JR: Exactly Shaun. People around the world generally resent America and Americans for their false sense of entitlement. They love to laugh at them behind their backs. All you have to do is expose real American life. It's too easy.
SE: Ok. But lets get back to the process. What's your take on the so called Hollywood novice convention of outlines, three act structure, archetypes, and so on? You know what I mean.
JR: Yes of course. Shaun, as I say, there is a massive tertiary industry of programs, schools, books, blogs; you name it, on how to succeed in anything Hollywood related, especially acting and writing. Ironically, most everyone involved will claim there are no formulas or rules, as they then list a plethora of formulas and rules. Use an outline. Use three act structure. Use archetypes. Save the cat. Make the protagonist likeable. Give the characters an arc. In screenwriting, it's break the first act around page 17. Build the chase in the second act. Come to a climax and conclusion in third act. Pay off the first act set up in the third act.
SE: But don't most stories follow those patterns?
JR: Only American made Hollywood stories Shaun. Since Hollywood is good at international marketing, this seems to be the rule. But really it's just a proliferation of the fairy tale syndrome, which as you know, was coined by Professor Max Von Itchenstein, in his social media survey studies of world media culture.
SE: Yes of course. A brilliant survey and study.
JR: Yes of course. And banned in America.
SE: And banned in America. What is that all about?
JR: Shaun, I don't know. But I don't care. Maybe the guy is a Muslim or something. Regardless, the ban makes my work all the more marketable.
SE: On the world black market.
JR: Ha. That's funny. Yes, black market if you like.
SE: But Jon, you still haven't touched on your actual ways of writing, your structure or routine. How do you actually write when you write.
JR: Shaun, as a writer, everything I do is part of my writing, every experience every waking moment. It all feeds in.
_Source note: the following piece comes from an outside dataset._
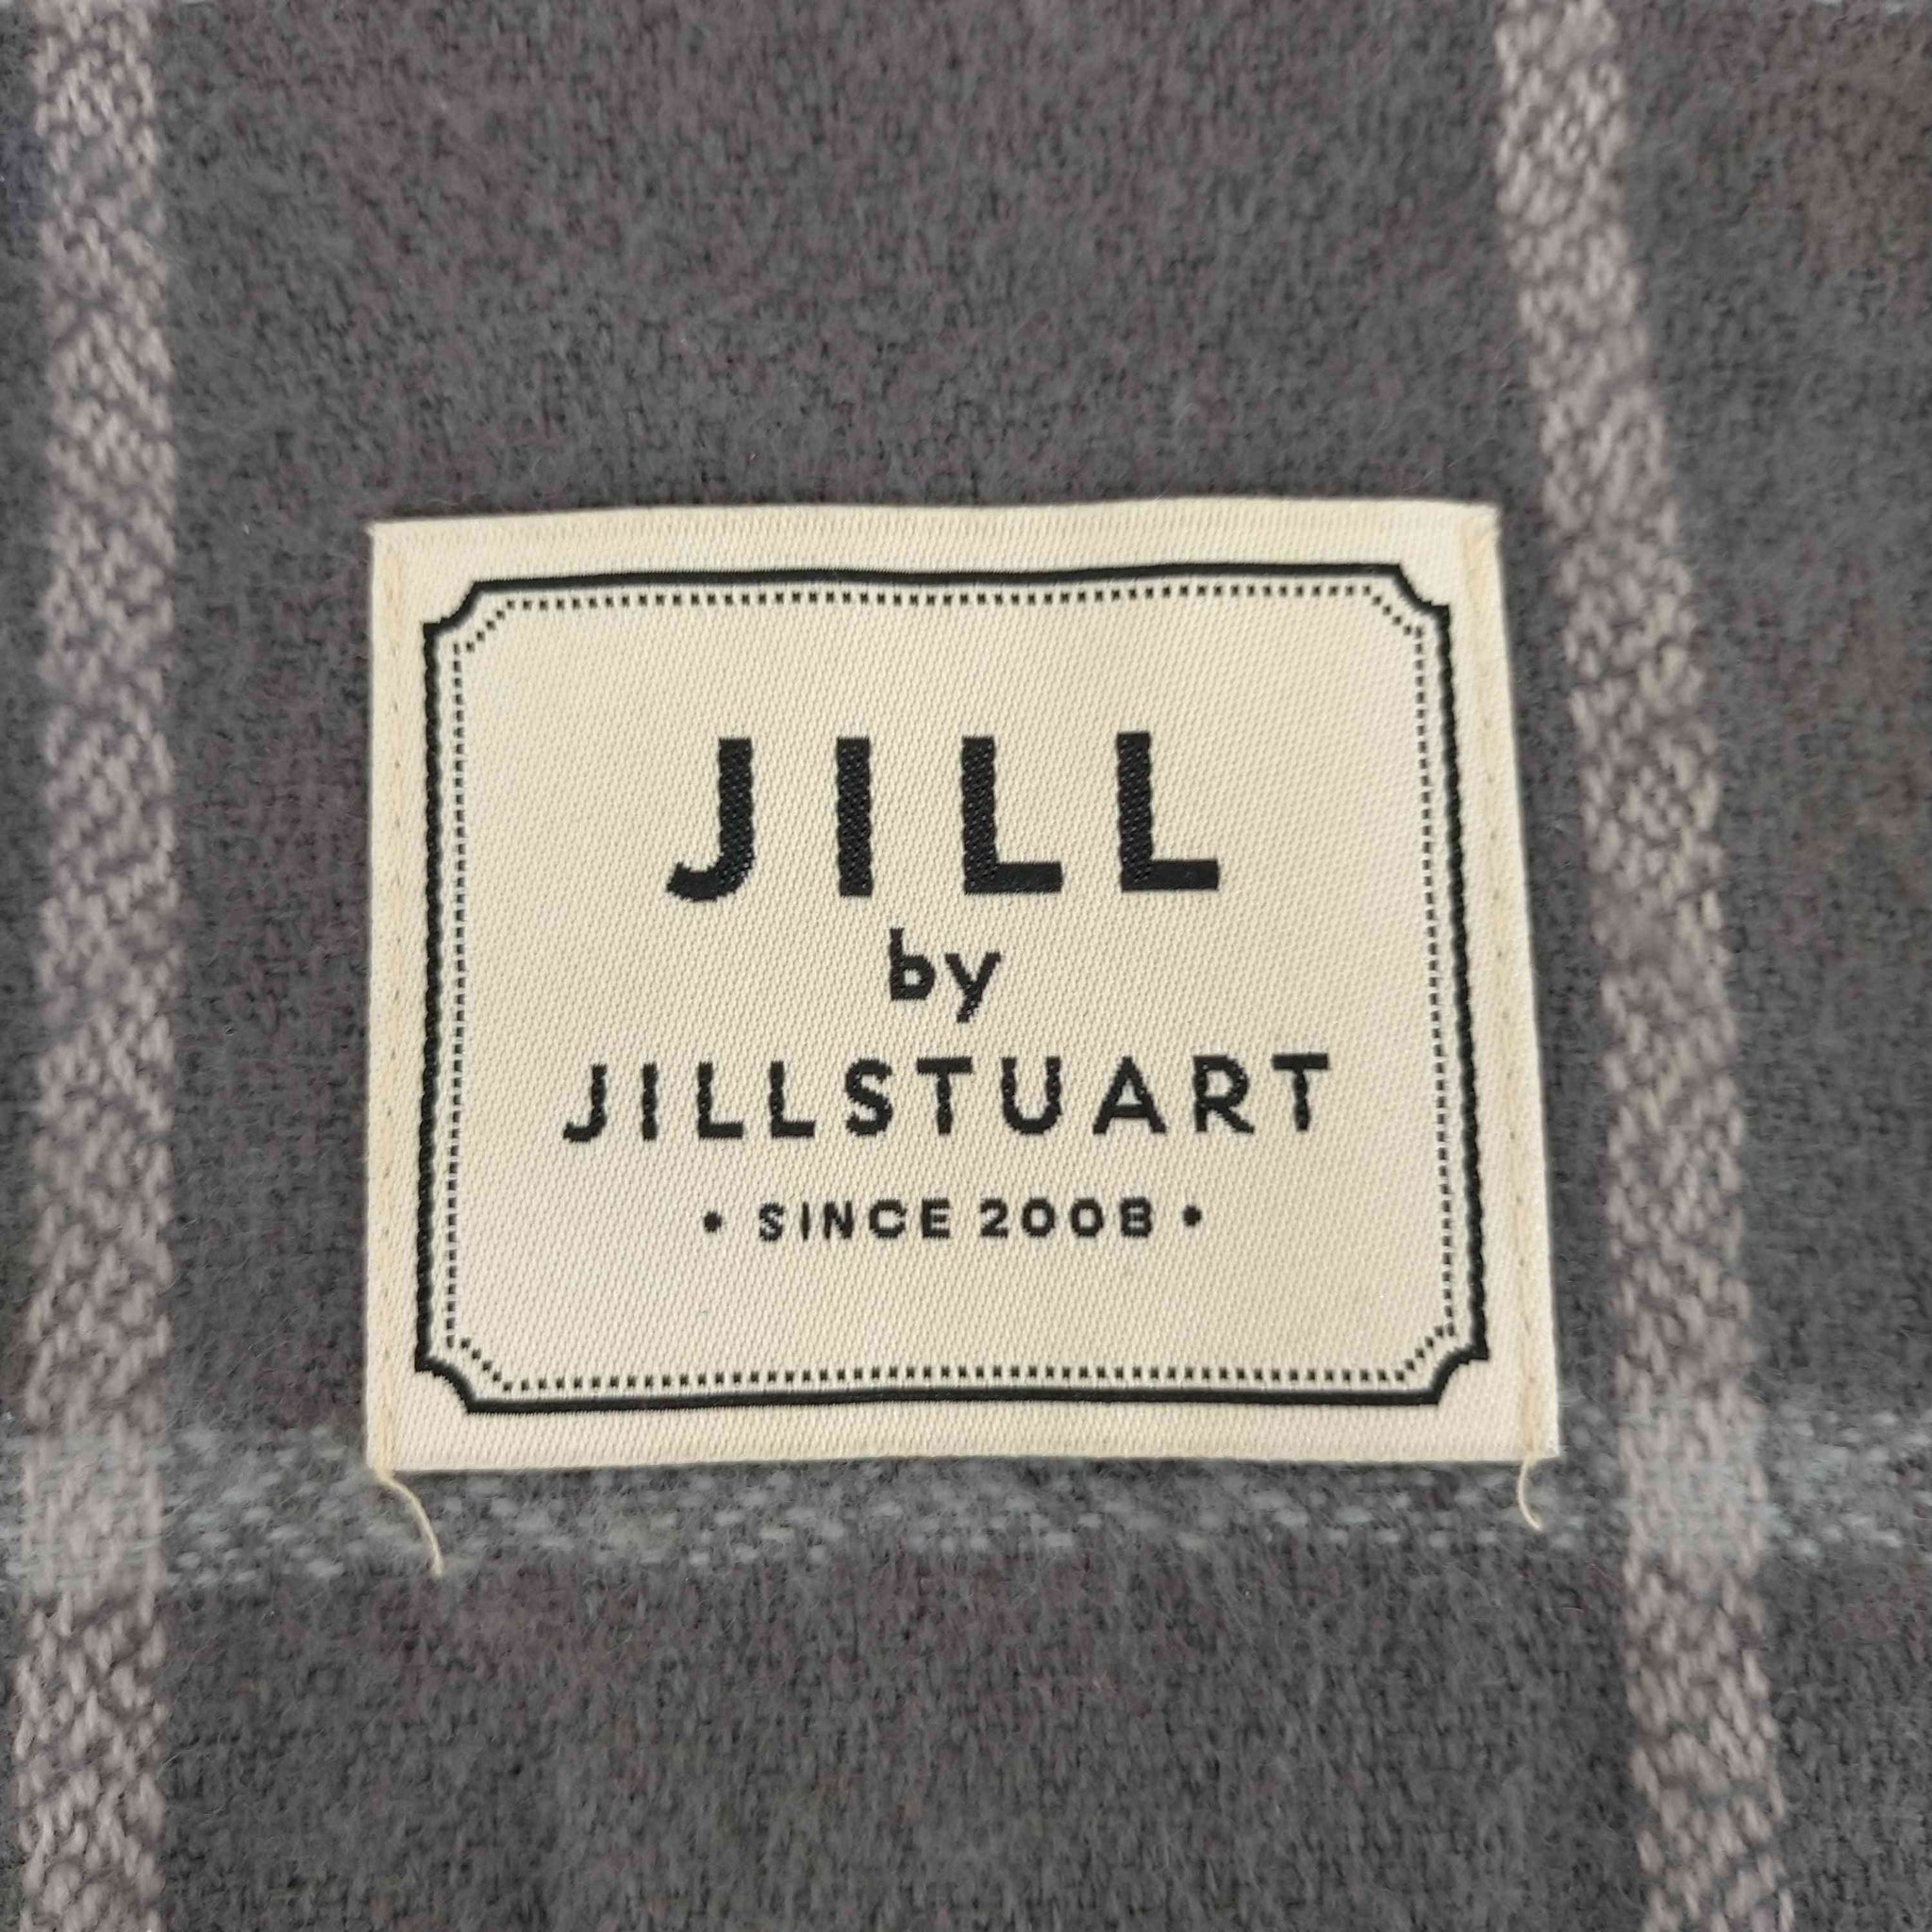 JILL by JILLSTUART(ジルバイジルスチュアート)チェックストール

SE: You're evading the question.
JR: Ok Shaun. Perhaps I am. Here's the thing. I have no structure, no convention, no style, nothing. I just sit down and write. What ever I write it just happens. Something comes to mind, I put it down. A story evolves. Characters evolve. There is no inherent or universal structure. It's different every time. And here's another thing. I do have successful and great writers I look up to, who I've studied, and listened to, and through the world of modern technology, you could say mentored me virtually. And in regards to your questions, none of them have any inherent structure either. When they talk about it, they may come up with something to appease the interviewer, so as not to be considered eccentric or freaky. But when pressed on it, every one of them gets there in some different personal way, often which they can't talk about, maybe because it's personal or maybe because it's irrelevant, or maybe because it's so abstract that words fail it.
SE: Words fail a writer?
JR: Yes. Absolutely. We think faster than we can write. We feel things and know that we can't express them clearly or understandably enough, and something like the meta-process of writing is like that. Think of it as maybe spiritual. Can you clearly define spiritual things in a way that is universally understood? No. What is God? There are as many answers to that question as there are people willing to attempt to answer it. Same for love. What is love? Well one answer is, God is love. So the answer to the former is "love." The answer to the latter is "God." And this leaves us with no idea of what either one is in is terms of lexical thinking. Because some things are not lexical. Some things are not even things. As humans we may have a limit to what we can understand and what we can communicate.
SE: Jon, you could say that to answer any question you don't want to answer.
JR: Yes exactly, and that I don't know how to answer or can't answer. I admit to the limits of what I can and cannot do, or am willing to do.
SE: OK. Now my mind is reeling and I need to soak all this in. So I'm going to end it here, for now. I hope we can do this again sometime.
JR: Of course Shaun. Anything for you. It was indeed a pleasure.